Results and discussion

Active Modules

The goal of our analysis was to identify differentially expressed modules in monkeys with early death, i.e., died in the first three days, and monkeys with a later death (ED and LD, respectively). Our hypothesis is that these modules play crucial roles in the host response to smallpox infection. The gene groups were defined according to the KEGG database (updated on 04/17/2006) [8], as described in the Methods section.

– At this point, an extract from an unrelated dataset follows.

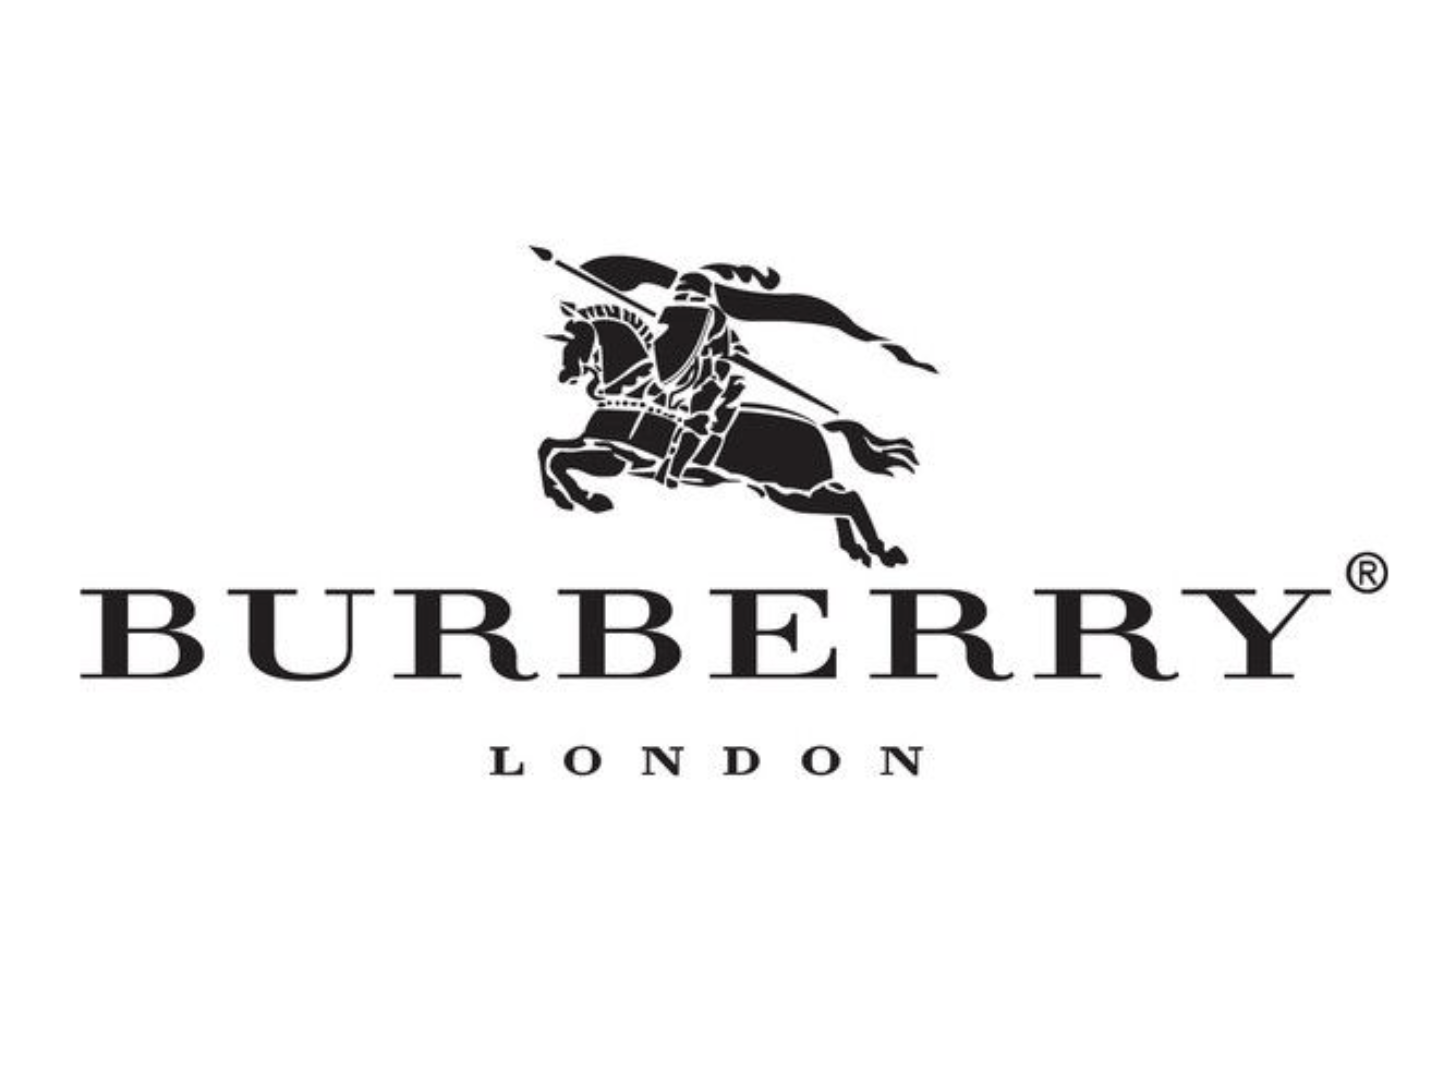 burberry壁纸logo图片

Initially, this analysis was based on the ED and LD monkey groups using all KEGG Orthology (KO) categories (at level 4), indicating three highly active modules in LD monkeys: Cytokines and Cell Adhesion Molecules (CAMs), which are consistent with the classical model of immune and inflammatory responses, where an activation and proliferation of leukocytes take place. The Alzheimer's Disease module also appeared as differentially activated, most likely due to its hybrid composition (20/22 genes that compose the AD module are present in the microarray platform used by Rubins et al [1], and 14/20 are also members of other modules).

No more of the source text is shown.